- WORK ITEM -
Your reply should set down word for word each line below from the one with "La Perouse (Jean-Francois)." through the final line, both included, but none of the pictures.

- INFORMATION PROVIDED -
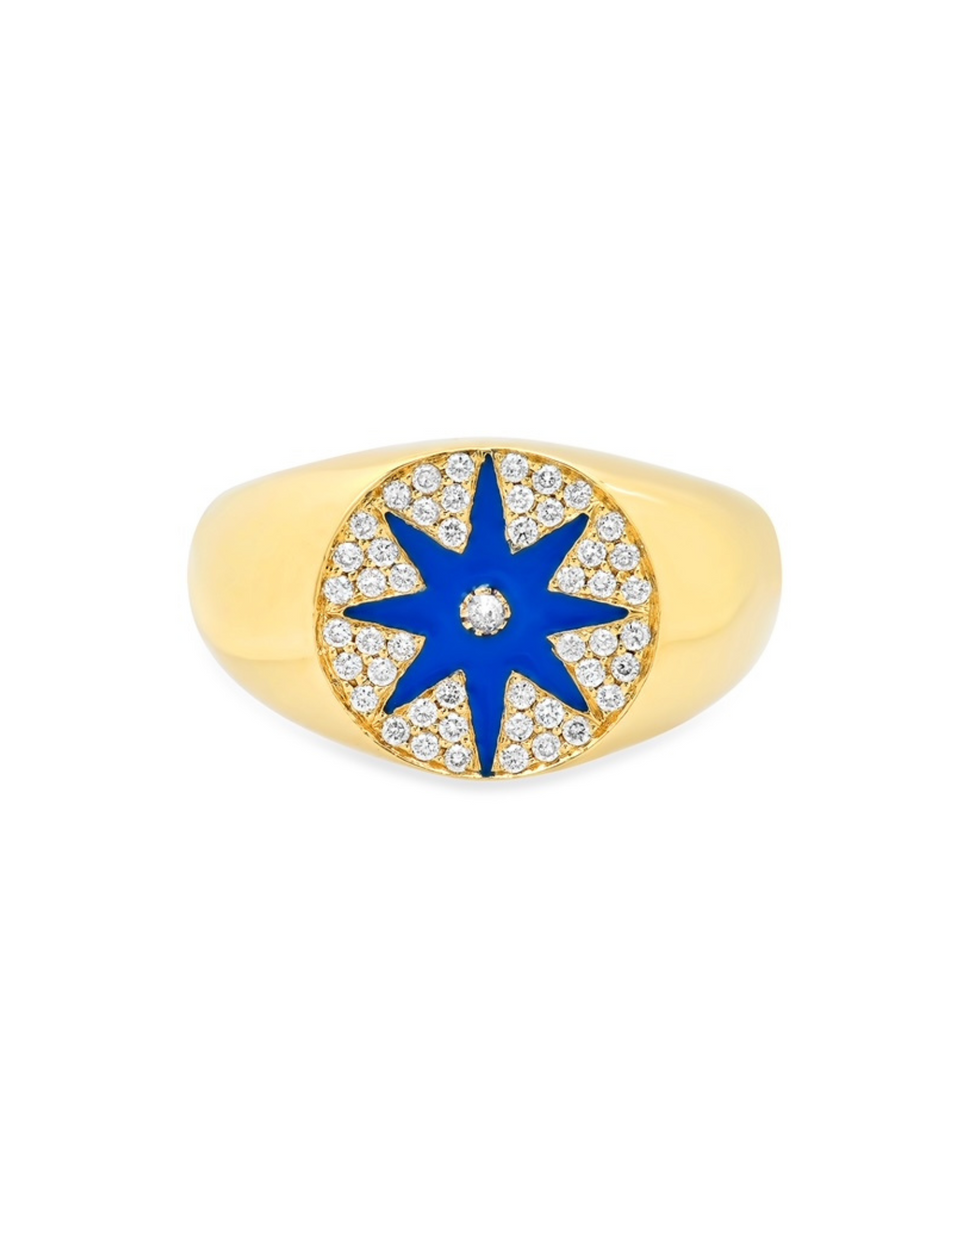 colette jewelry, colette jewelry signet rings, colette jewelry bracelets, colette jewelry, colette jewelry necklace, colette jewelry rings colette jewelry sale, colette jewelry retailer, colette jewelry gatsby initial
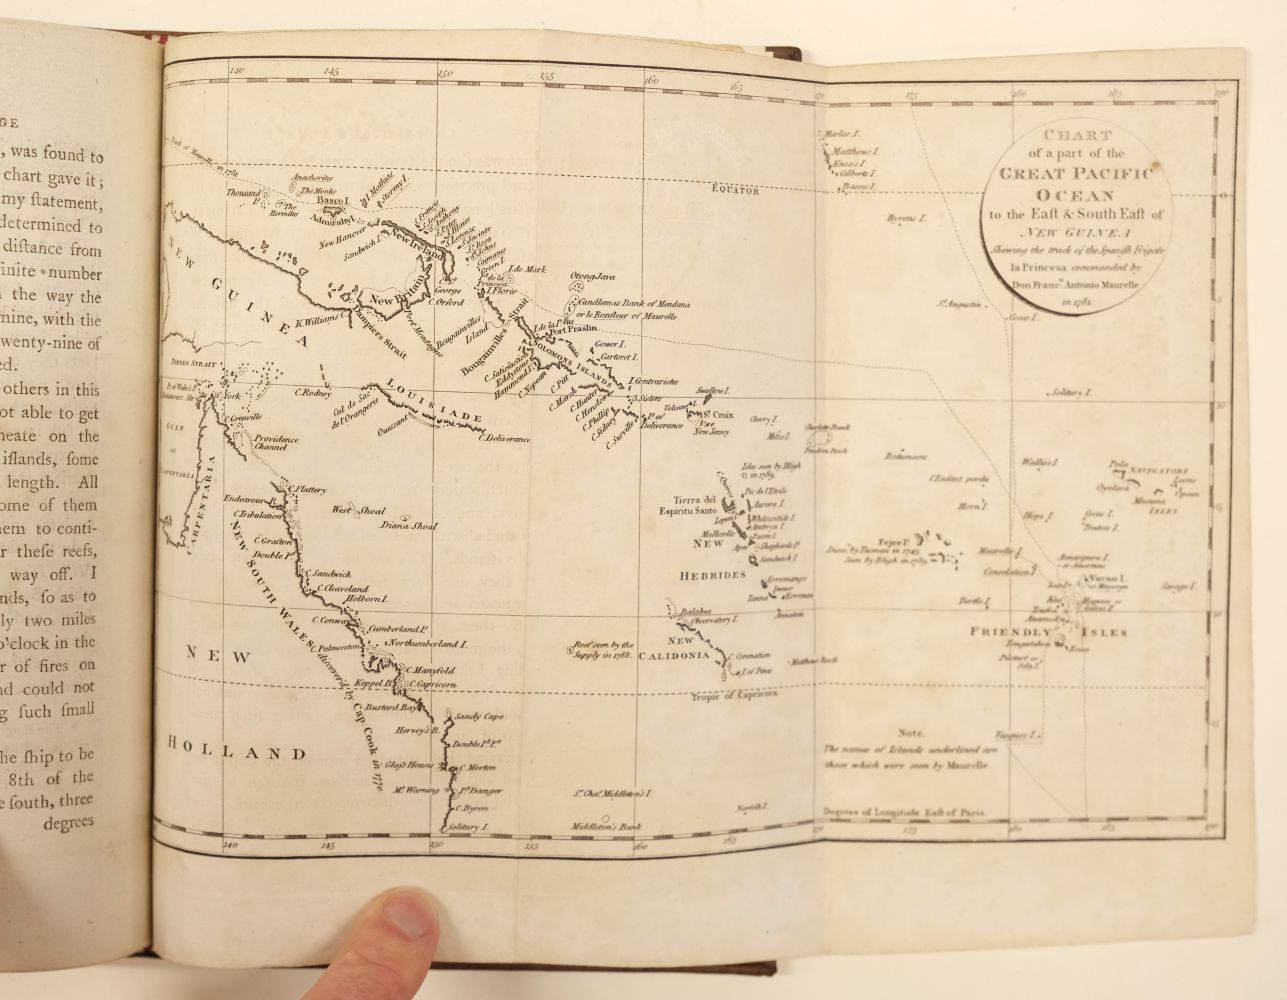 La Perouse (Jean-Francois). The Voyage of La Perouse Round the World, 3 volumes, 1798 - Image 5 of 18
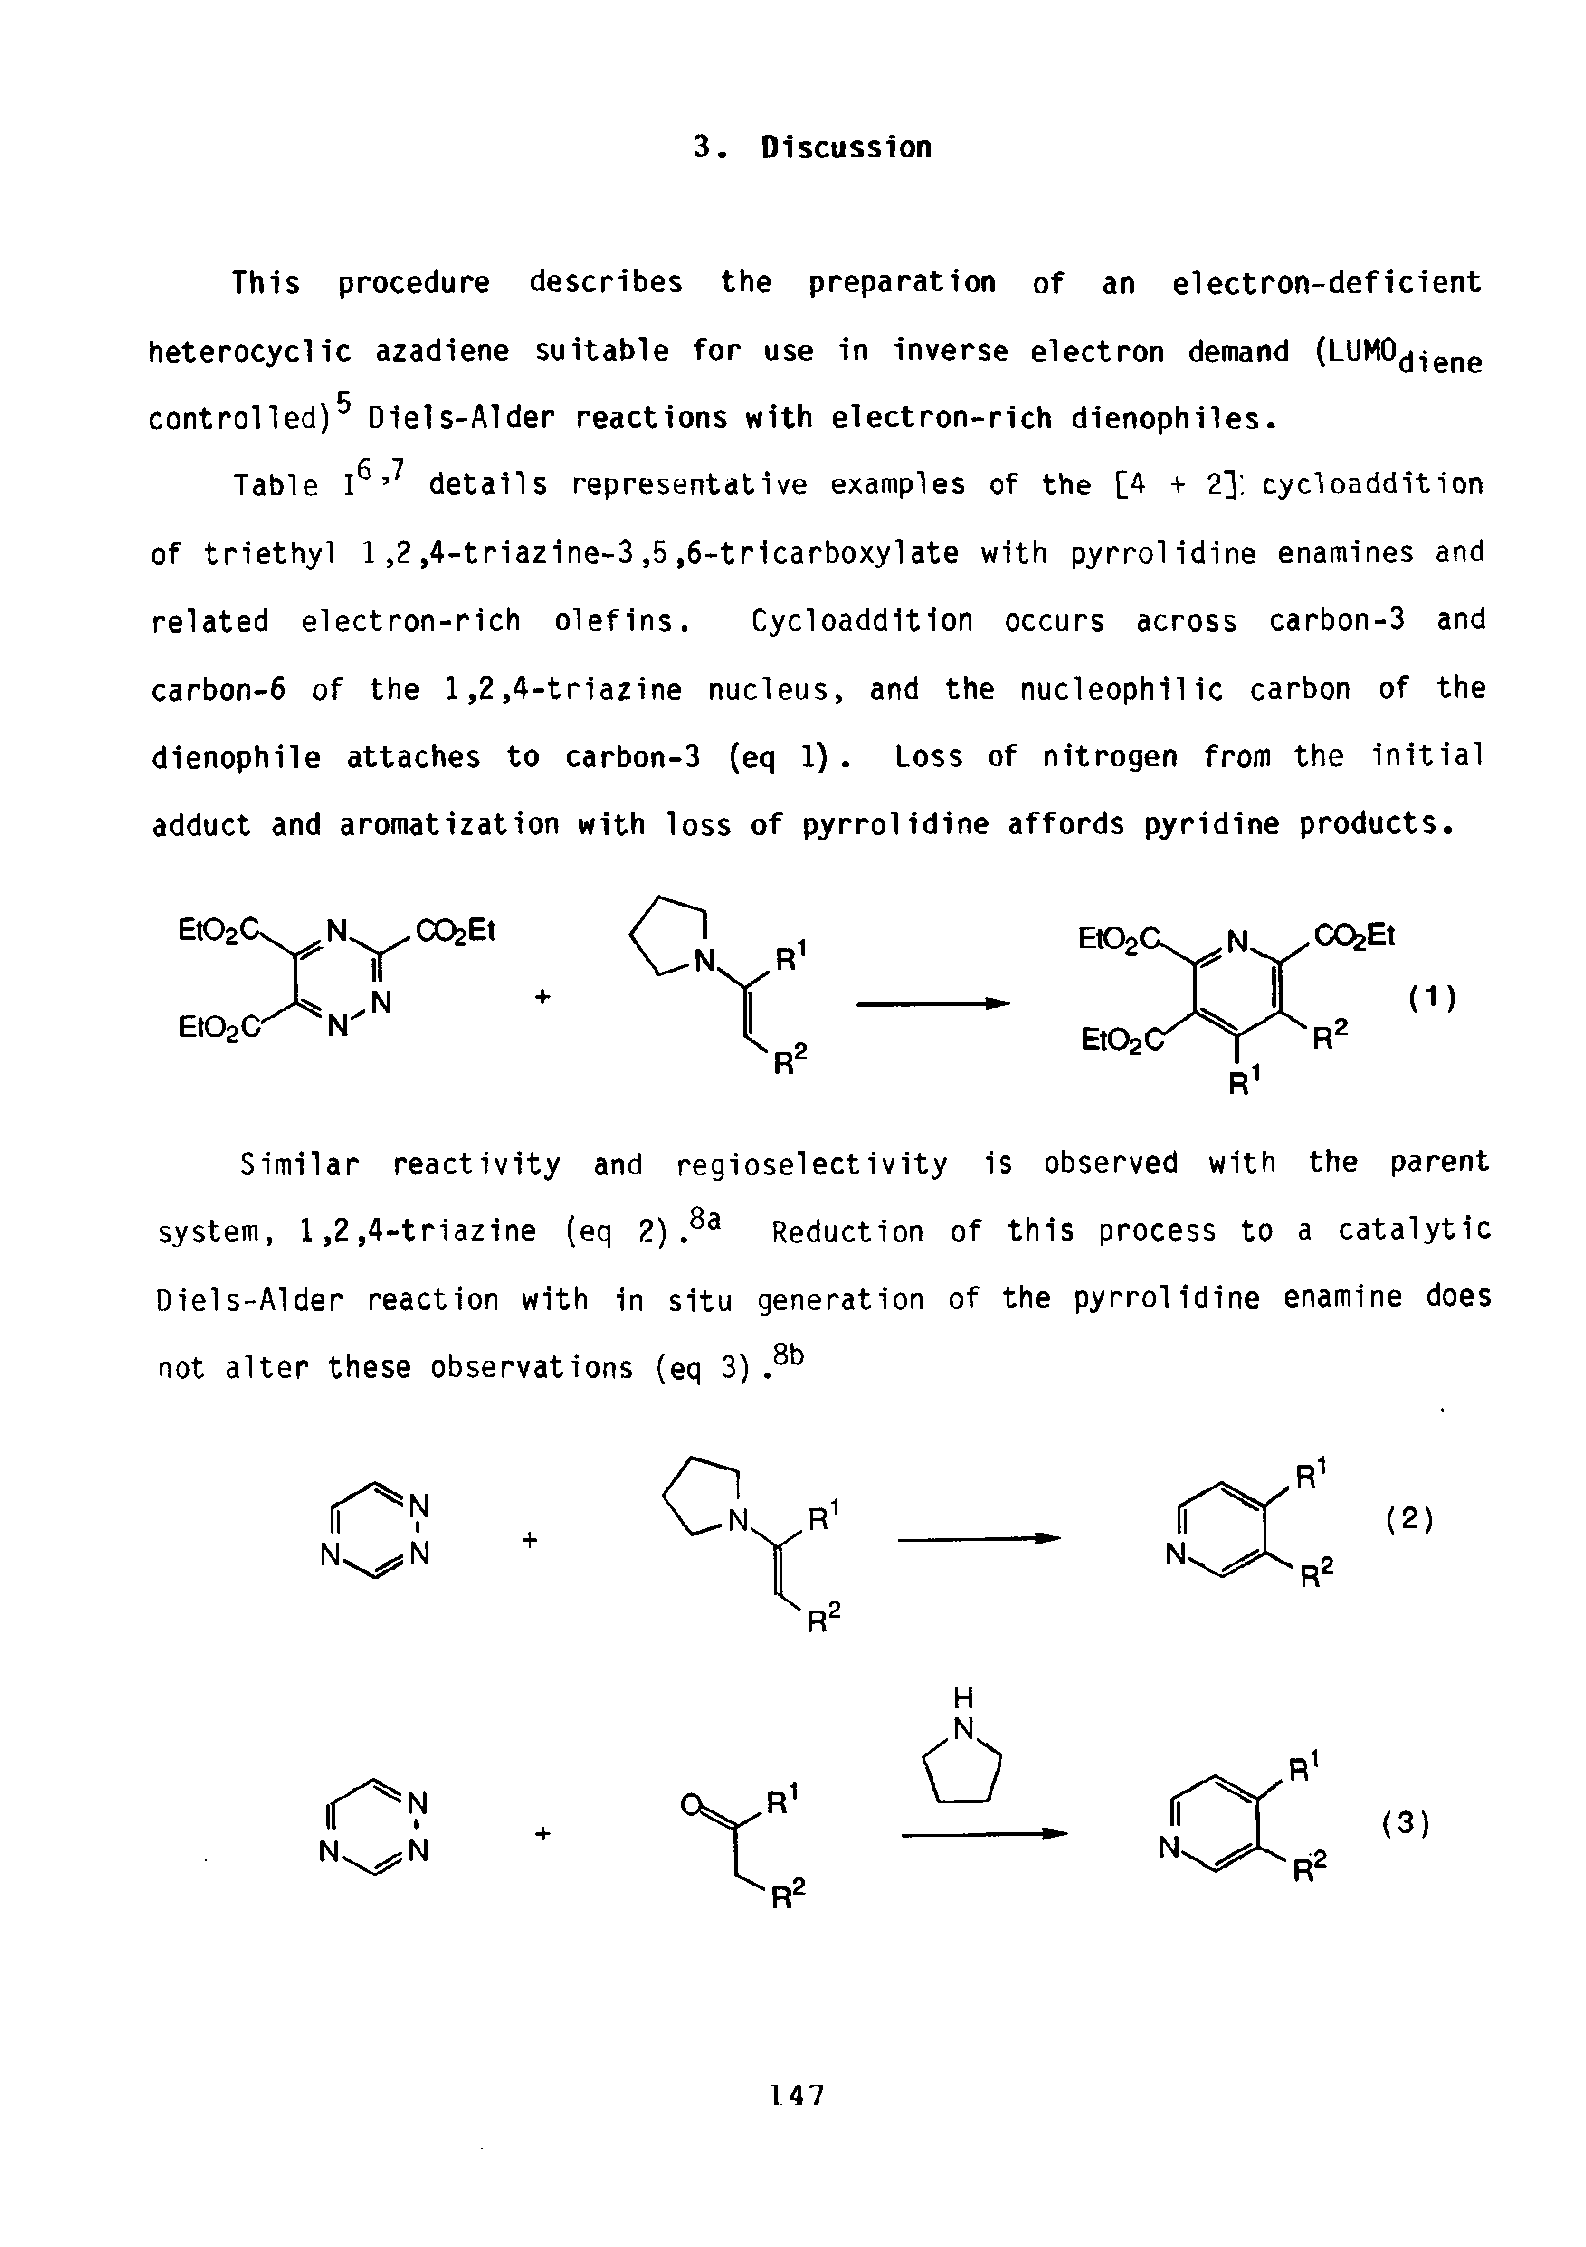 Table I details representative examples of the [4 + 2] cycloaddition of triethyl 1,2, 4-triazine-3,5,6-tricarboxylate with pyrrolidine enamines and related electron-rich olefins. Cycloaddition occurs across carbon-3 and carbon-6 of the 1,2,4-triazine nucleus, and the nucleophilic carbon of the dienophile attaches to carbon-3 (eq 1). Loss of nitrogen from the initial adduct and aromatization with loss of pyrrolidine affords pyridine products.
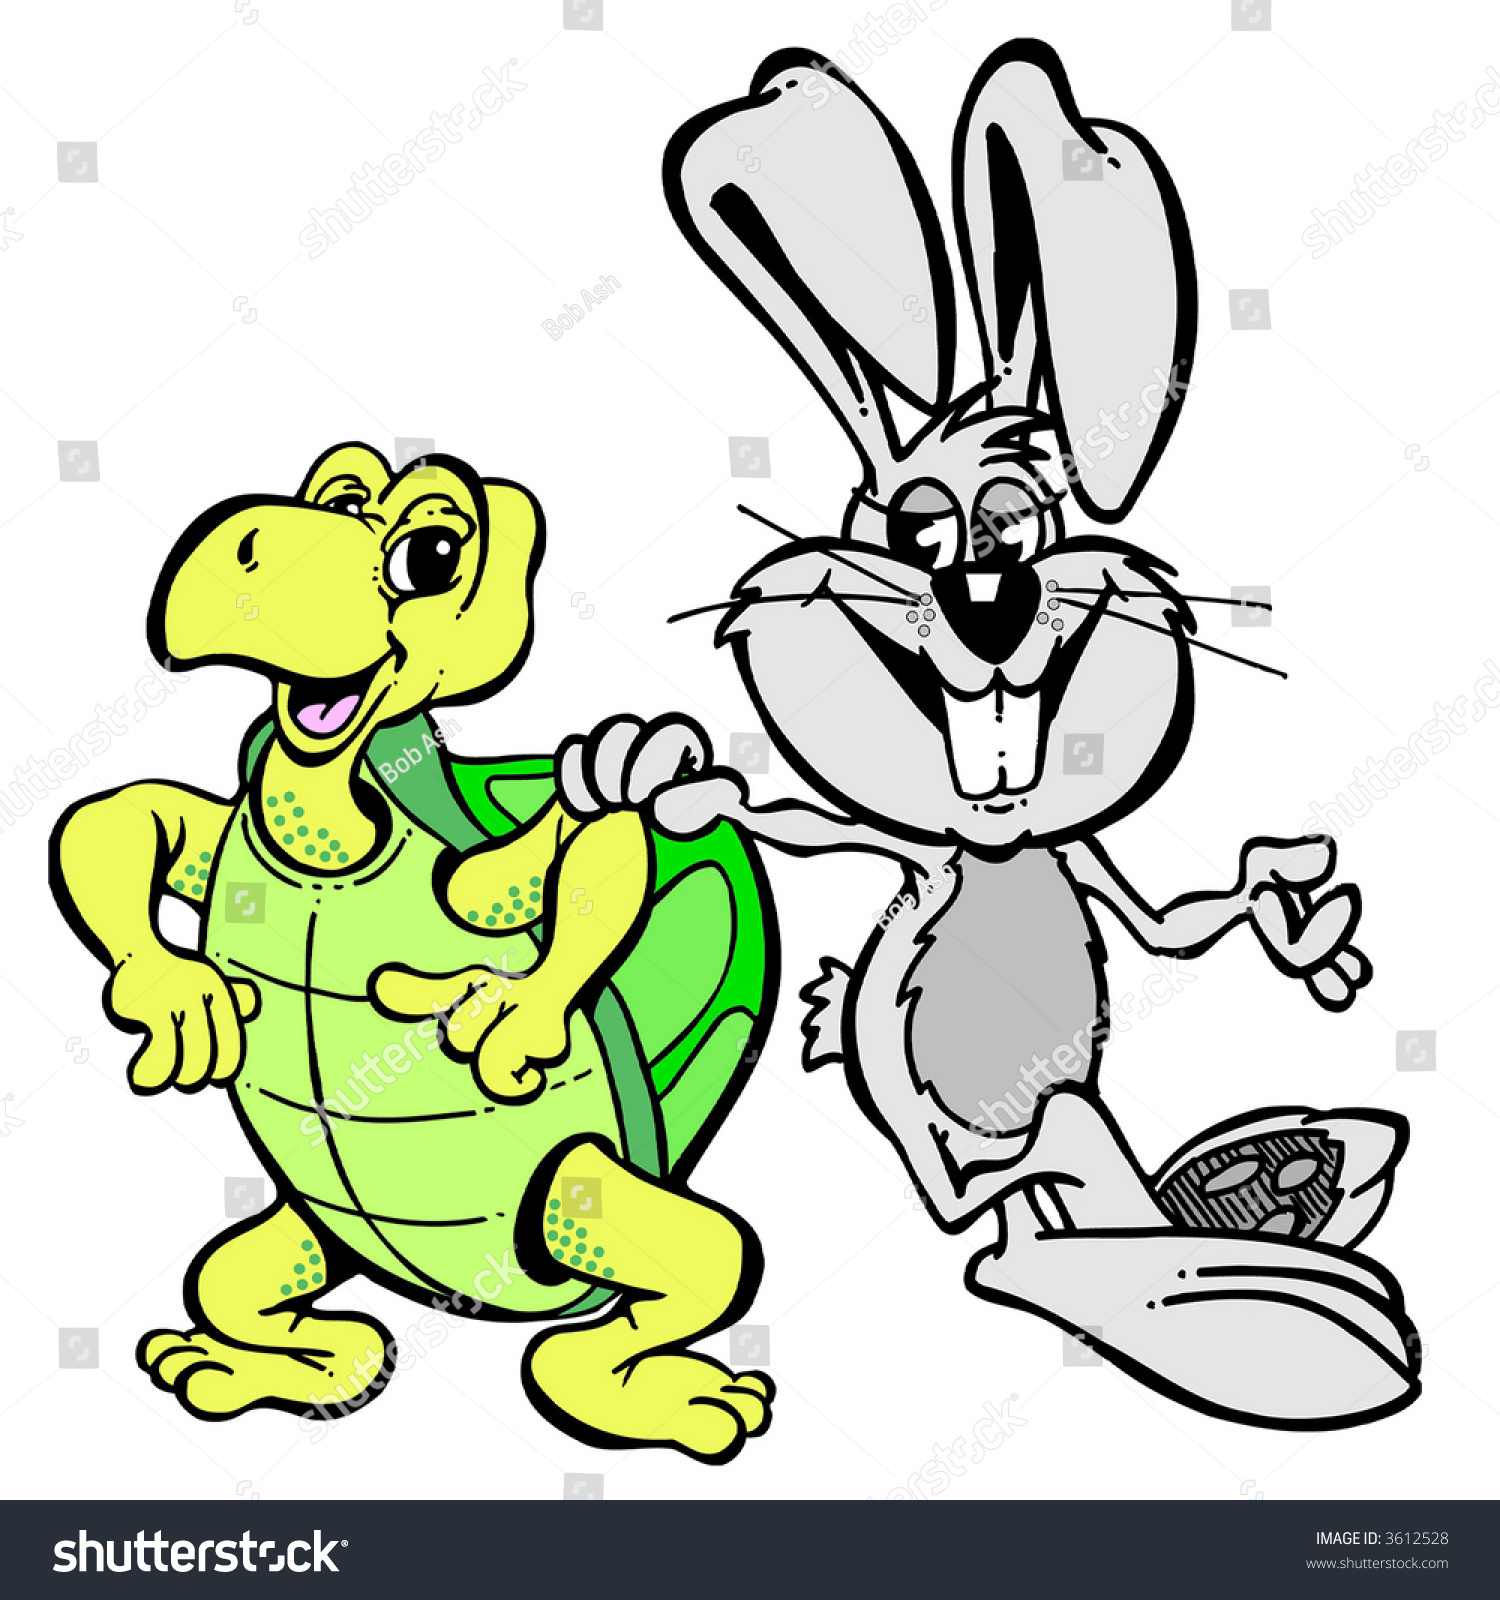 clip art tortoise and hare - photo #47

- EXERCISE OUTPUT -
 La Perouse (Jean-Francois). The Voyage of La Perouse Round the World, 3 volumes, 1798 - Image 5 of 18
 Table I details representative examples of the [4 + 2] cycloaddition of triethyl 1,2, 4-triazine-3,5,6-tricarboxylate with pyrrolidine enamines and related electron-rich olefins. Cycloaddition occurs across carbon-3 and carbon-6 of the 1,2,4-triazine nucleus, and the nucleophilic carbon of the dienophile attaches to carbon-3 (eq 1). Loss of nitrogen from the initial adduct and aromatization with loss of pyrrolidine affords pyridine products.
 clip art tortoise and hare - photo #47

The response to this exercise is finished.